EXERCISE MATERIAL:

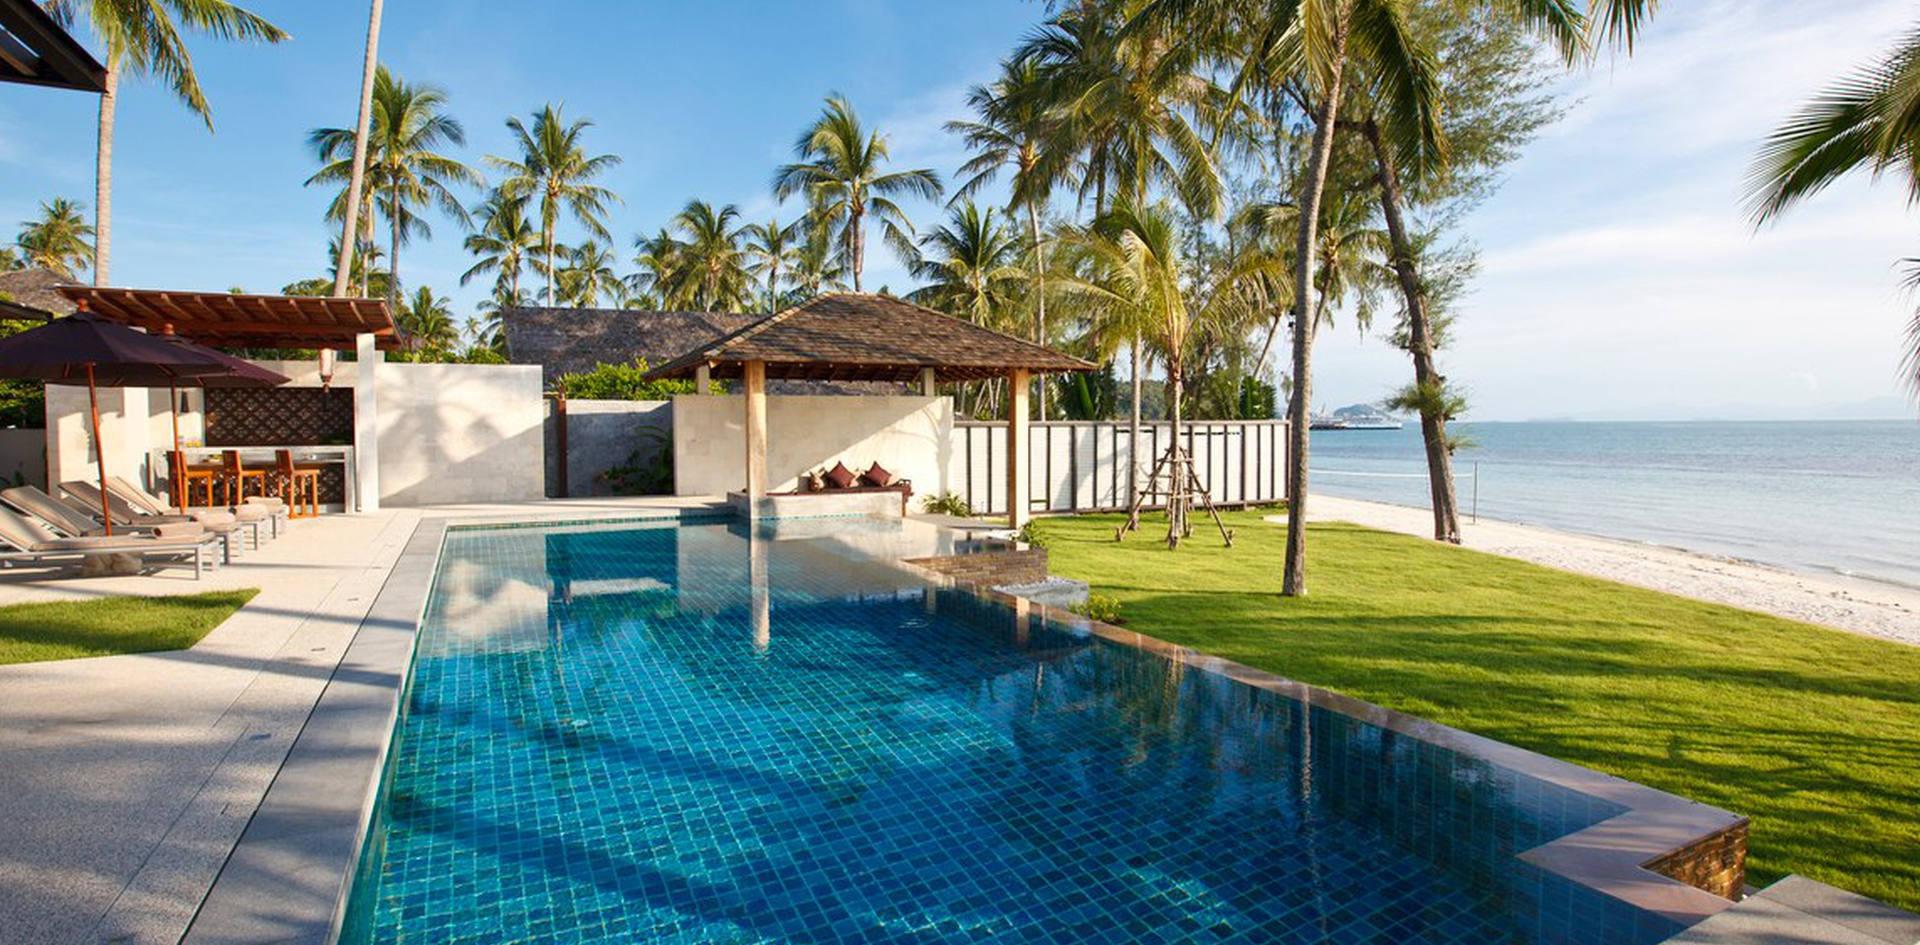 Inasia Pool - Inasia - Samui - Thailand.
--
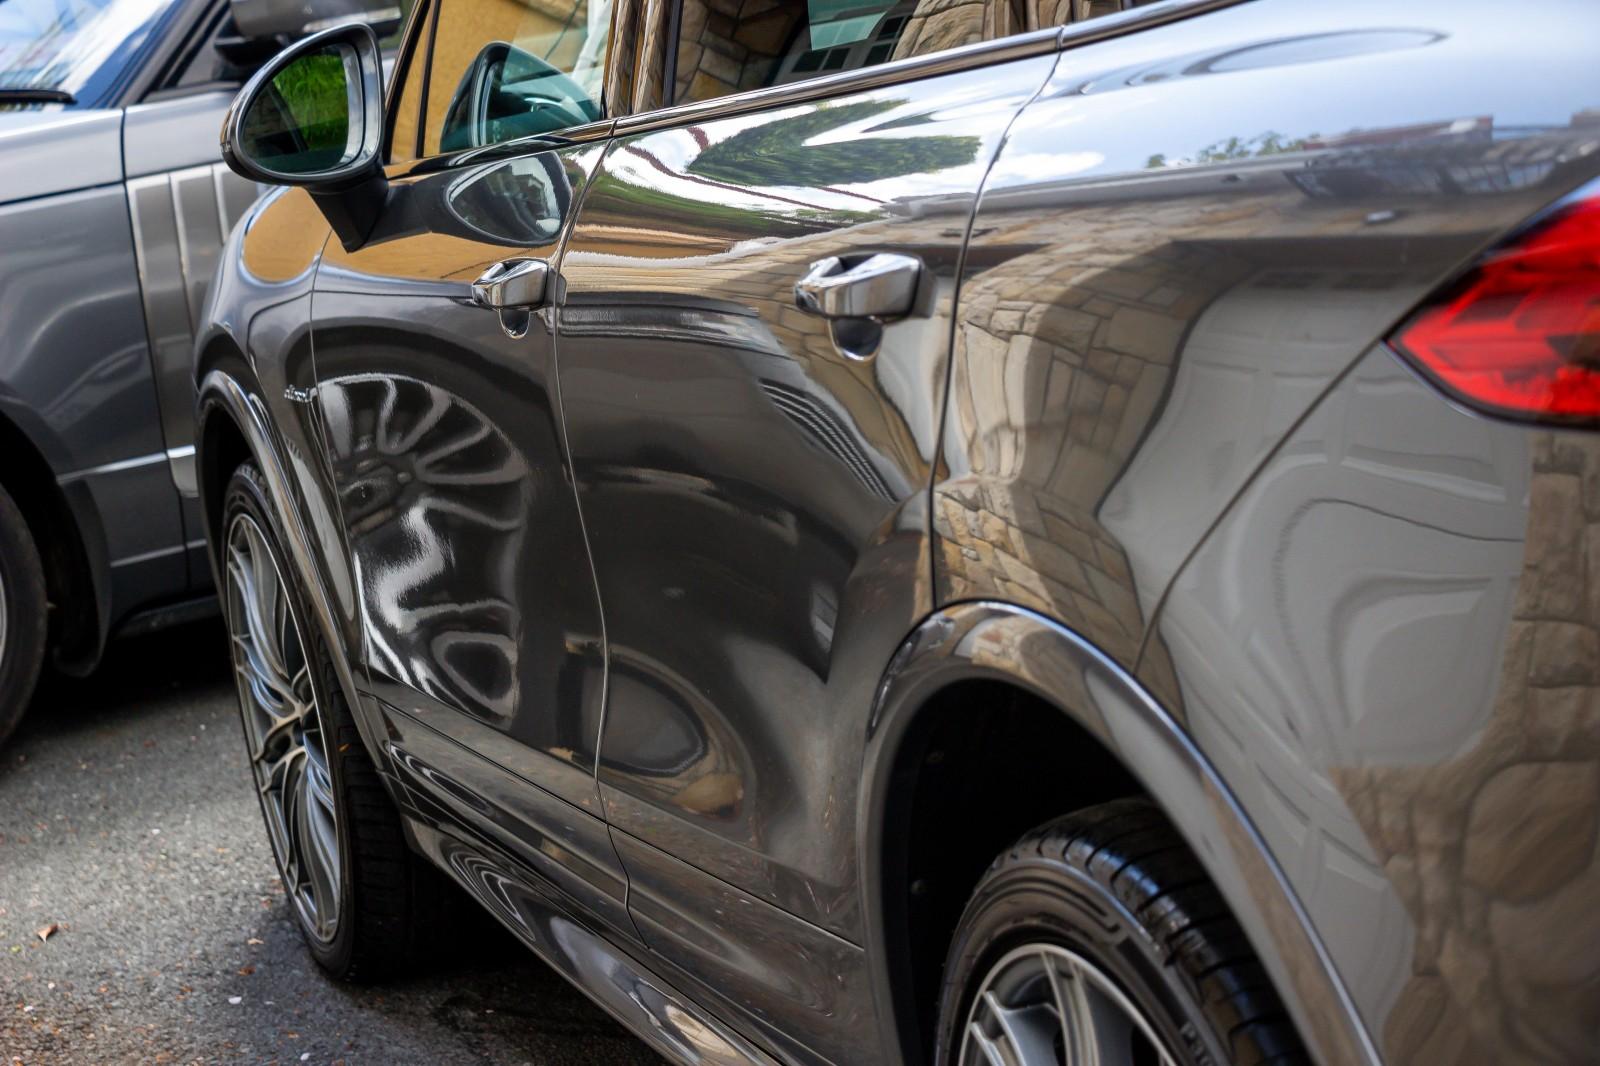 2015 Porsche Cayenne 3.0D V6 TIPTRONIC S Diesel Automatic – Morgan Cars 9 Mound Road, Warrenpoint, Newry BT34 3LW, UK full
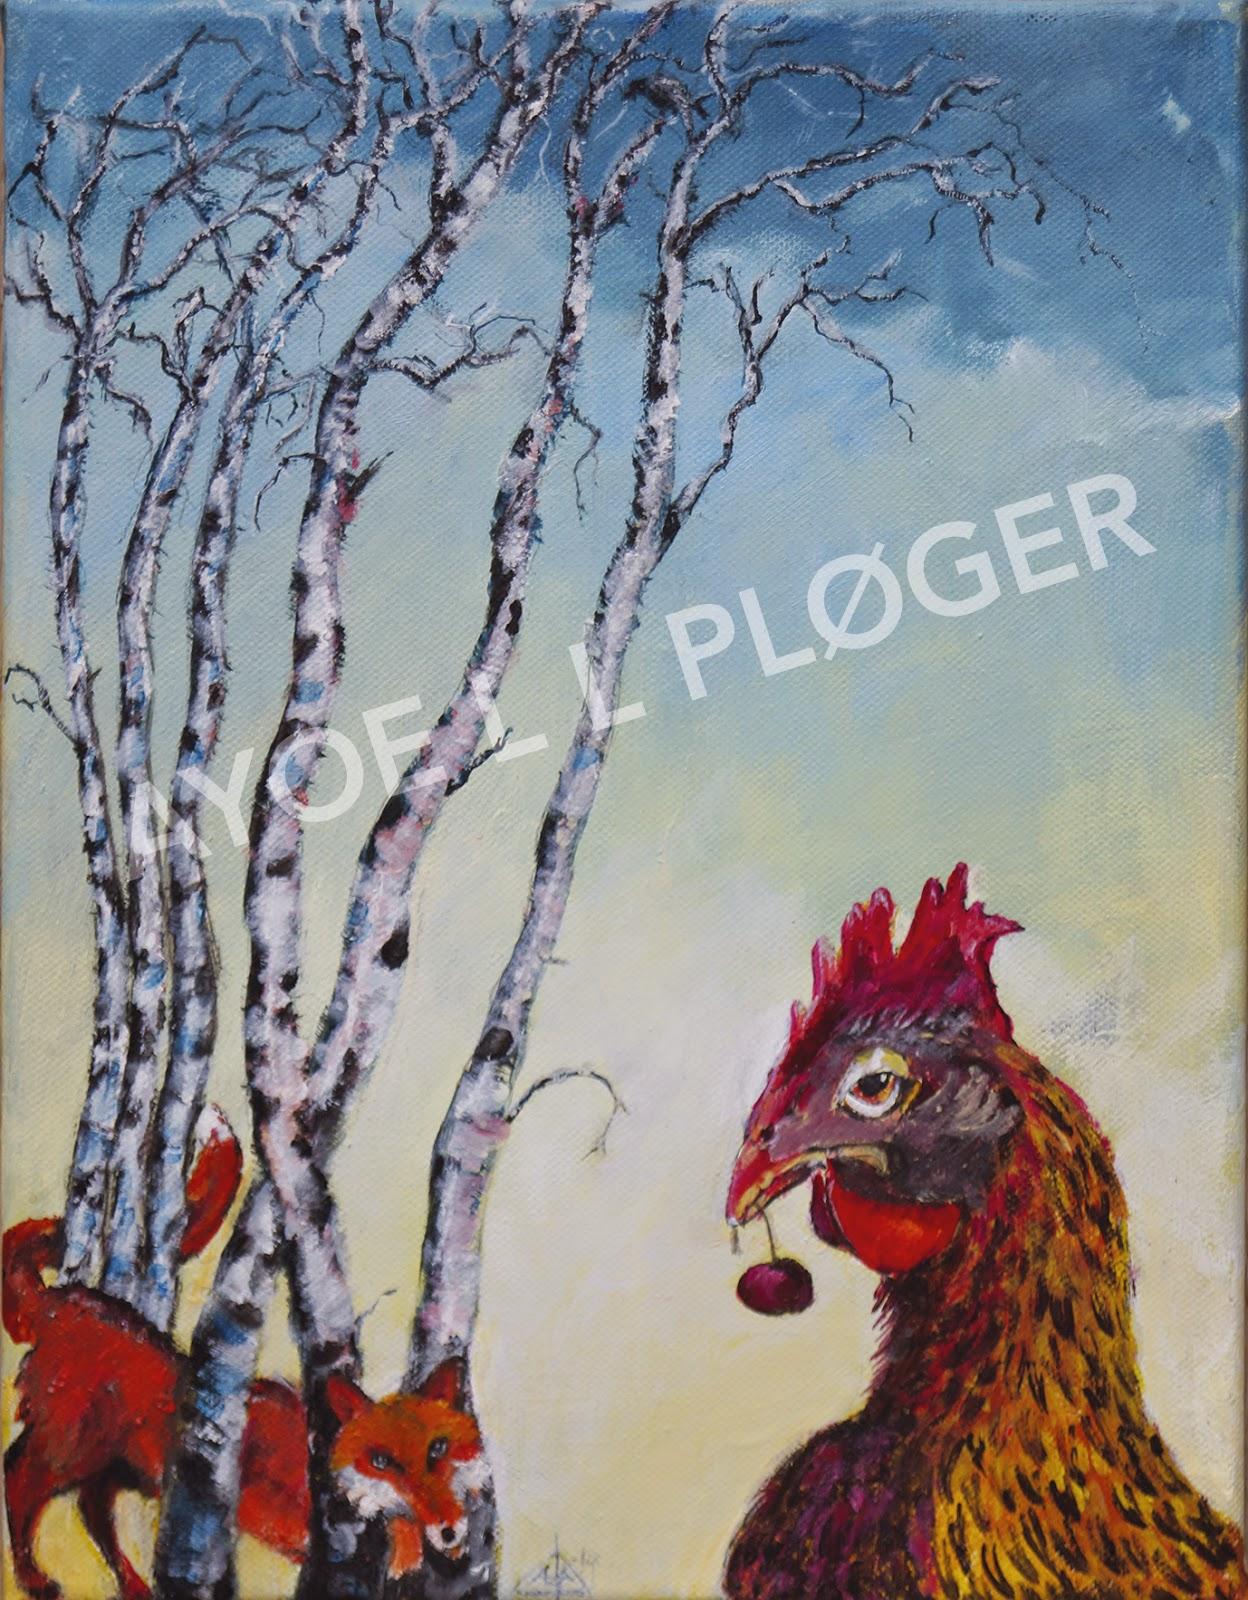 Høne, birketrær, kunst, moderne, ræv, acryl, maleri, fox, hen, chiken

WHAT TO PRODUCE:
Please set down, exactly and with no pictures, the lines in the entries above starting at the one holding "2015 Porsche Cayenne" and ending at the one holding "fox, hen, chiken", ends included.

WORKED SOLUTION:
 2015 Porsche Cayenne 3.0D V6 TIPTRONIC S Diesel Automatic – Morgan Cars 9 Mound Road, Warrenpoint, Newry BT34 3LW, UK full
 Høne, birketrær, kunst, moderne, ræv, acryl, maleri, fox, hen, chiken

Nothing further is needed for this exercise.